1 Summary
In this project, you will get familiar with two virtualization techniques: one is Docker (a light-weight, container-based virtualization technique) and the other is QEMU (a user-level full virtualization technique). Task (1): You will need to correctly deploy them, be familiar with the operations, measure the performance using benchmarks, and finally summarize the results in a report; Task (2) You will implement a Docker-like tool, which can create container instances with configurable namespaces and control groups.
2 Environment Setup
For the task (1), please follow this document [1] to start a Google cloud instance, but do not use the vCPU, memory and VM image configurations in the document. We will configure this instance using 2 vCPU, 4 GB memory, 30 GB disk size, and Ubuntu 18.04 LTS image for this assignment. We refer to this instance as the native system,
3 Docker
3.1 Installation & Preparation
Please refer to this instruction [2] for Docker installation. In addition, you may want to get familiar with Docker basic operations by referring to [3].
3.2 Docker Measurement
You will measure the performance of Docker containers using the Sysbench benchmark. Please use the following container image with Sysbench pre-installed: csminpp/ubuntu-sysbench. Sysbench is a benchmark tool [4]. With it, we can have some basic ideas about measuring system performance by running such benchmark tools against the system under test. In this project, we will only focus on the cpu and fileio test modes (section 4.1 and 4.5 in [4]) of Sysbench. The following instructions present some ideas about how to conduct a meaningful performance measurement. Please read them carefully, and then produce measurement results (you will lose points, if the results are incorrectly generated and/or can not be well justified).
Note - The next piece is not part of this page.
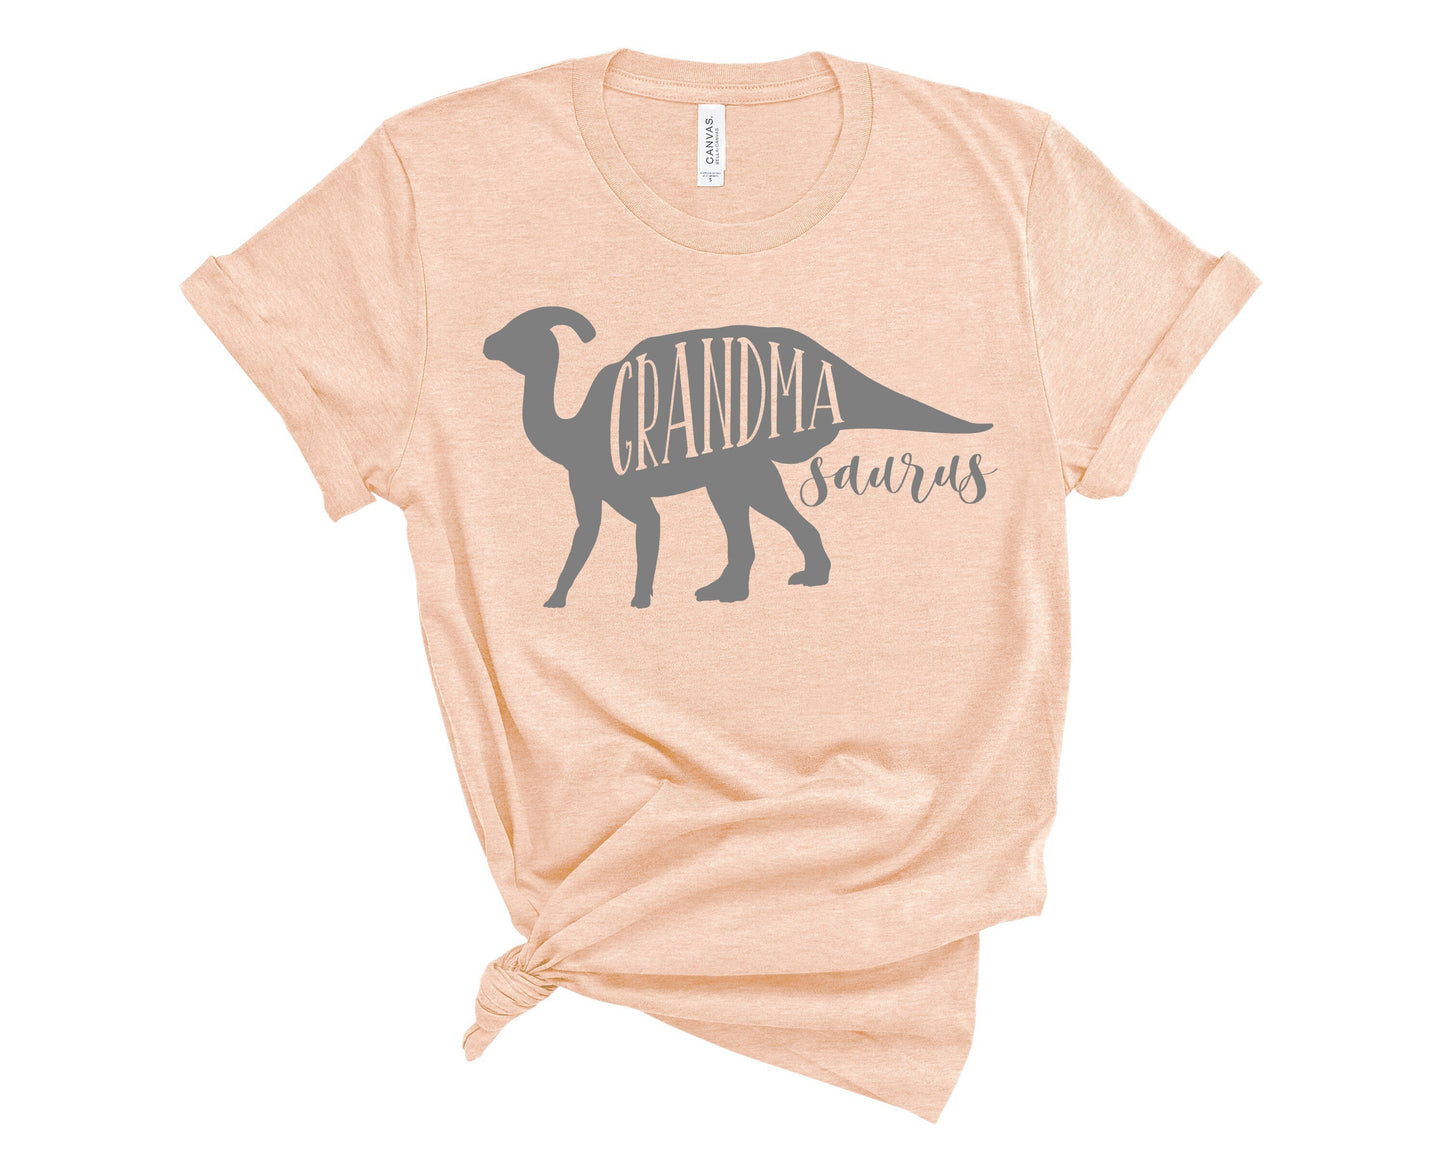 Grandmasaurus Shirt - Dinosaur Birthday Party - 3 Rex Birthday Party - Dinosaur Shirt - Dinosaur Party Shirt for Grandma

- You need to be familiar with the test cases (under the cpu and fileio test modes). You only need to pick up one test case for each test mode (cpu or fileio).
- For each test case, you need to figure out theright test parameters. For example, you need to select the parameter for cpu-max-prime to ensure your test case wont end in a short time period (too small) or will never end (too large). As another example, you need to decide the file size (e.g., file-total-size) for Sysbench fileio test mode. Usually, its reasonable to make a test case lasting for at least 30 60 seconds. Please justify your configurations.
- You may want to repeat/re-run at least 3 times for each test case, and report the average value of your results (the Sysbench will report some user-level performance data, e.g., total time).
- To reduce test variation, you need to test each case under similar test environment. For example, for the fileio test, after one test, the operating system will cache the accessed files. If we dont manually drop such cache, the following tests will finish much faster, as most I/O data will be served directly form the memory cache instead of disks. You have to manually drop such cache, for example, using the command: echo3>/proc/sys/vm/drop_caches in the native (not the container). (Notice that, you can only run this command under the root user. Please figure out how to enable root user under Ubuntu and switch to the root user to drop the cache before each fileio test).
- In addition to the user-level performance data generated by the benchmark, you need to collect system performance data (from the native system). For example, you can choose to use iostat (a Linux tool for collecting cpu, I/O, network usage [5]). Please do this on your native system (outside containers) think about why. You may need to collect performance data covering the whole time period while your benchmark is running. You must provide the cpu and disk I/O performance data (think about how to show/visualize this data suppose you will have a series of performance data points). Please report the commands your use and the interpretation of your performance related data.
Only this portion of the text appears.